What to work on:
Start at the line with "Dieser elegante kleine" and print every line through the end of the material below. Keep it exact and free of pictures.

Data extract:
★ ★ ★

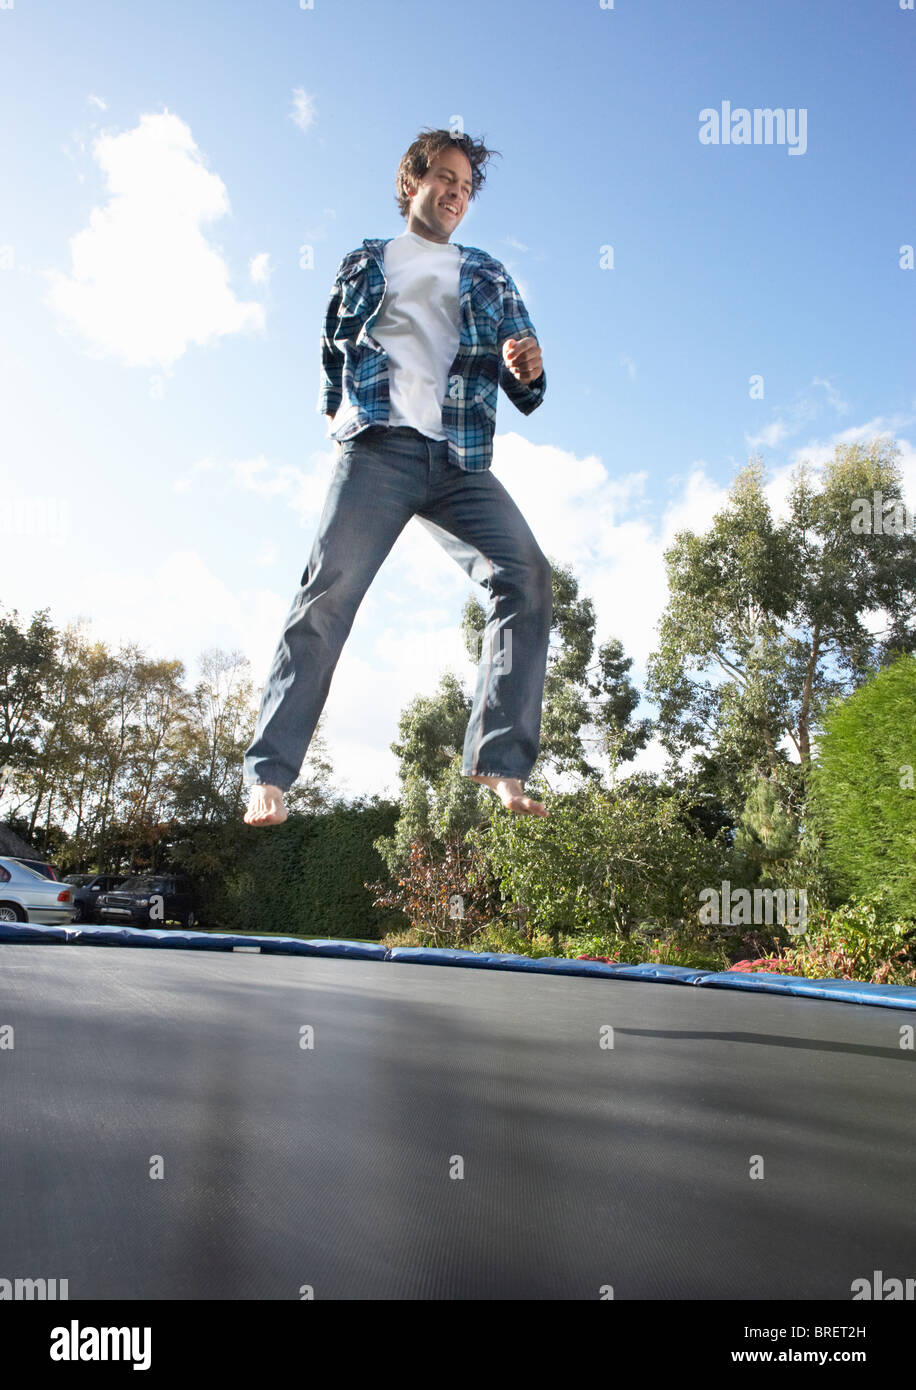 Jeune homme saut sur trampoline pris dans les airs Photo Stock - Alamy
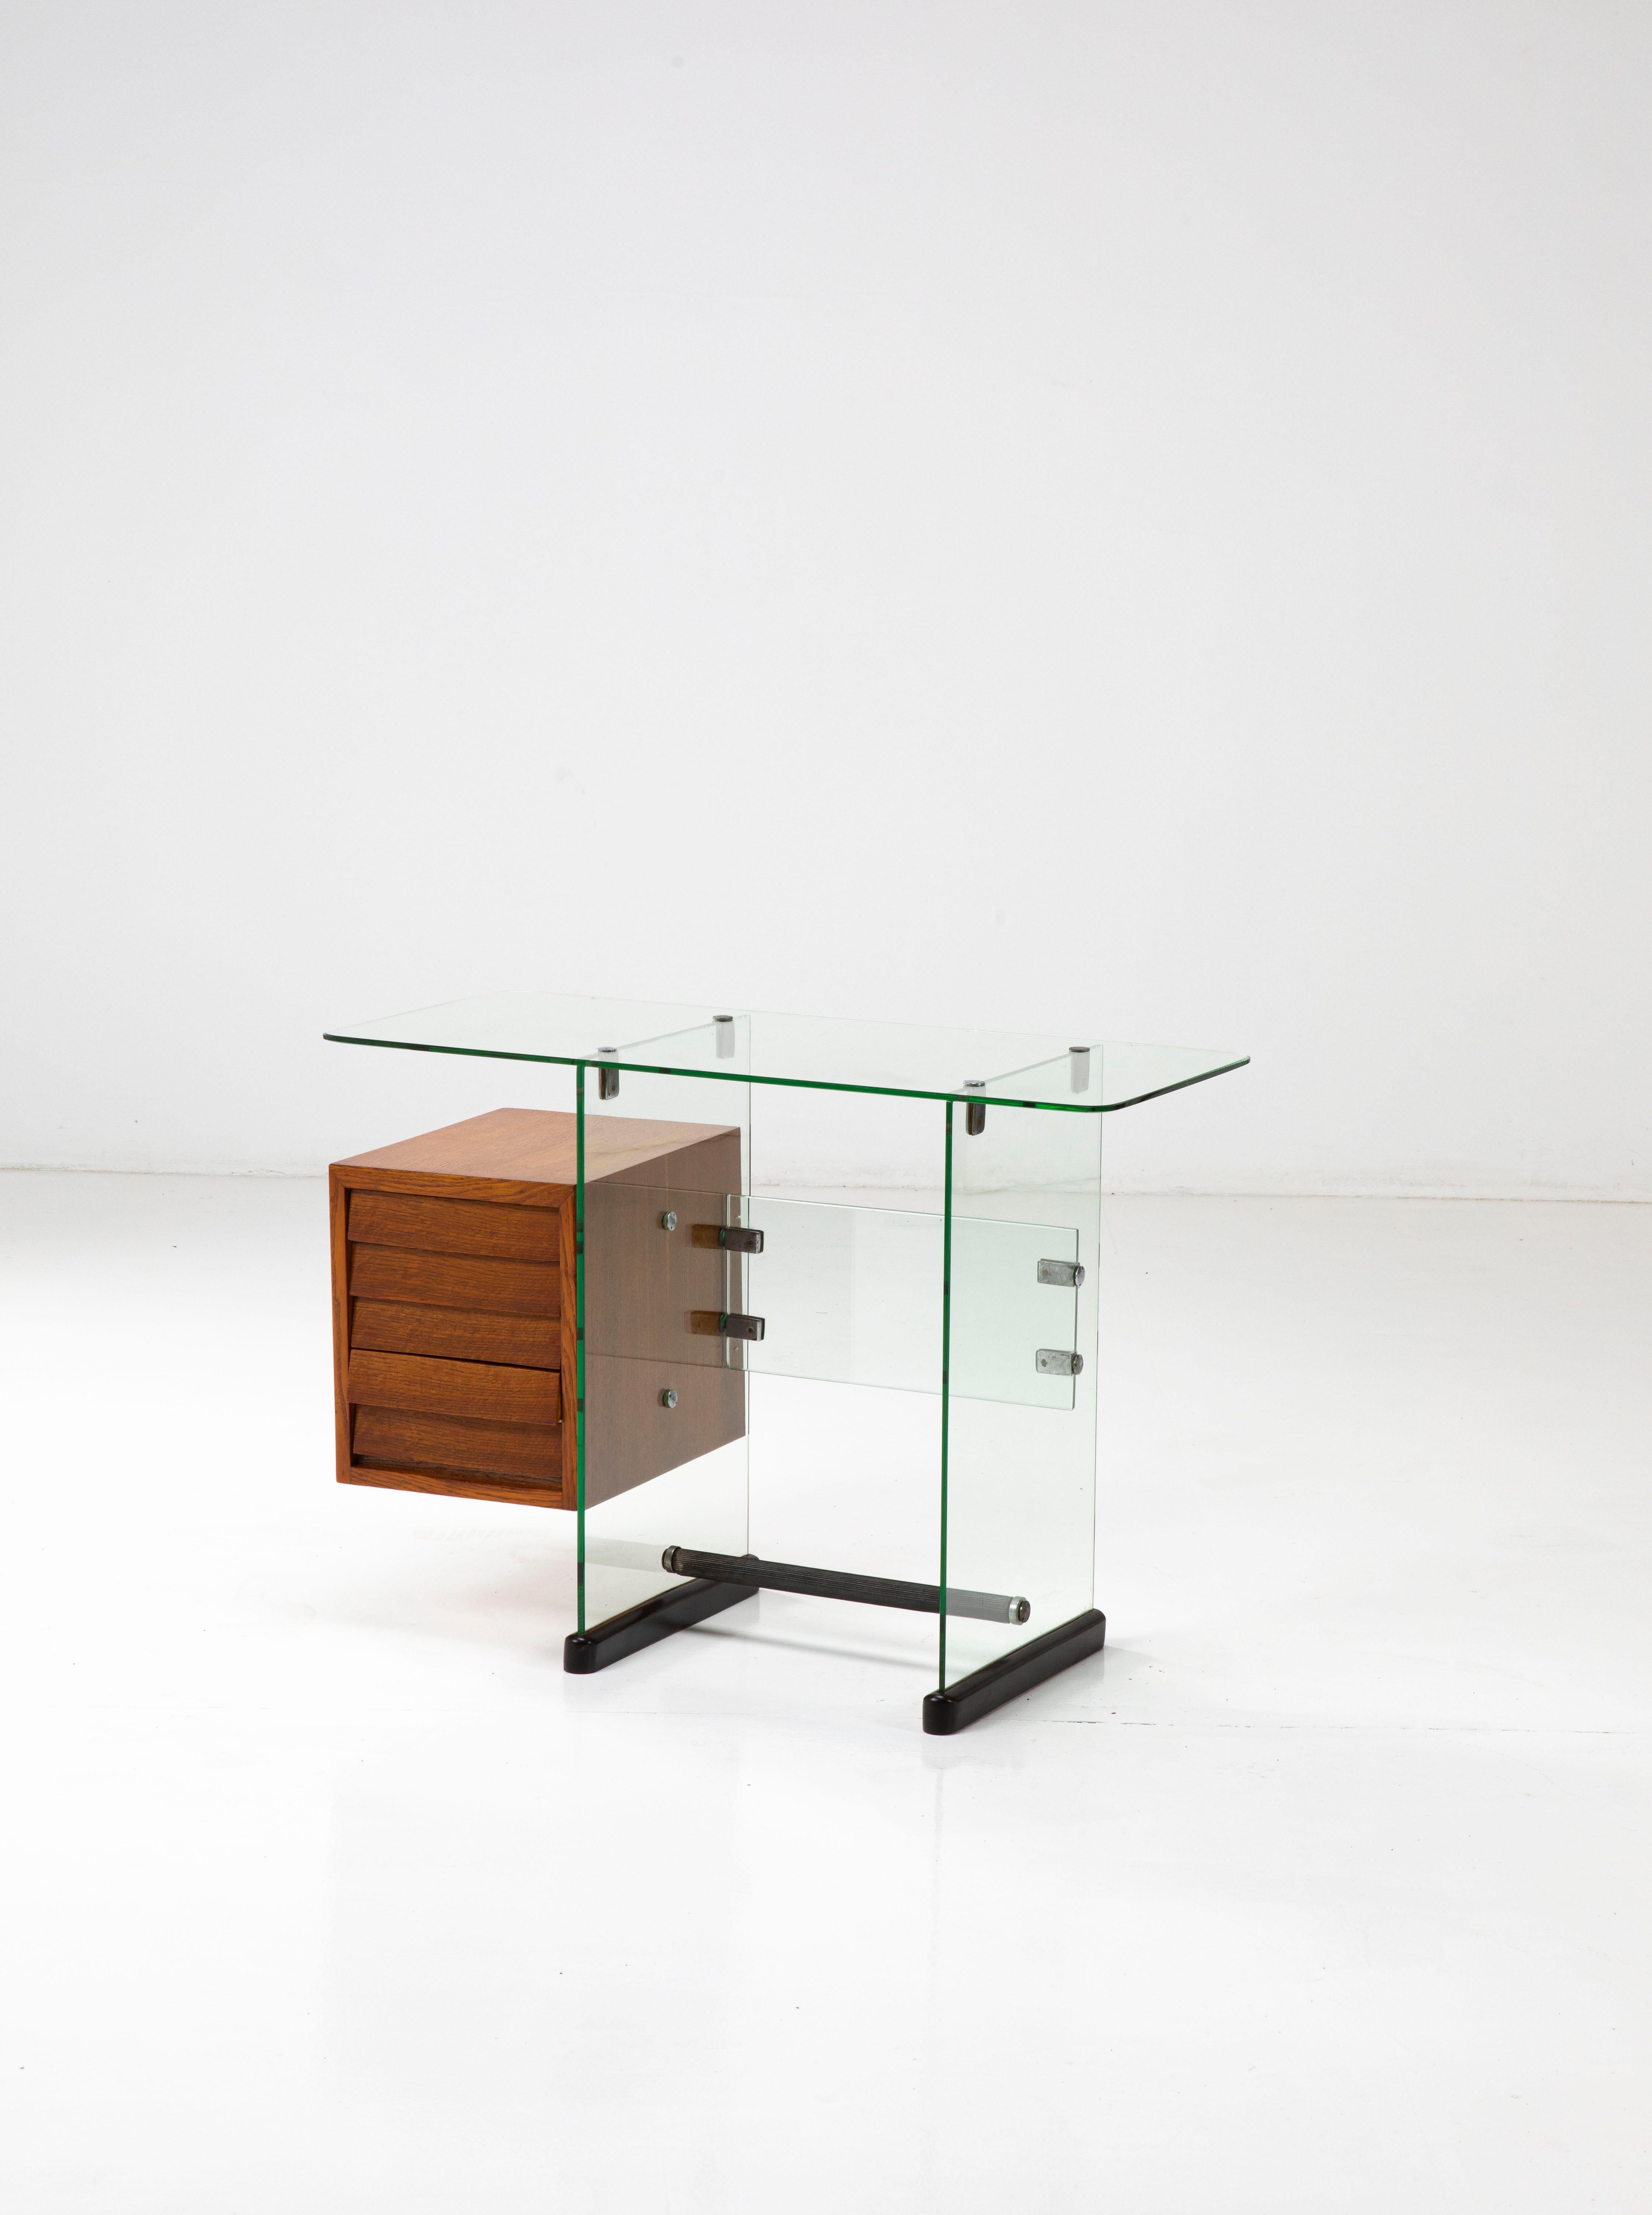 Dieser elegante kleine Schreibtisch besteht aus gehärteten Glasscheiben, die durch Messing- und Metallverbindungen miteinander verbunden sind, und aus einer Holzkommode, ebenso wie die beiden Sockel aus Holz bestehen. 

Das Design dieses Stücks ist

★ ★ ★

Finished exercise:
 Dieser elegante kleine Schreibtisch besteht aus gehärteten Glasscheiben, die durch Messing- und Metallverbindungen miteinander verbunden sind, und aus einer Holzkommode, ebenso wie die beiden Sockel aus Holz bestehen. 

Das Design dieses Stücks ist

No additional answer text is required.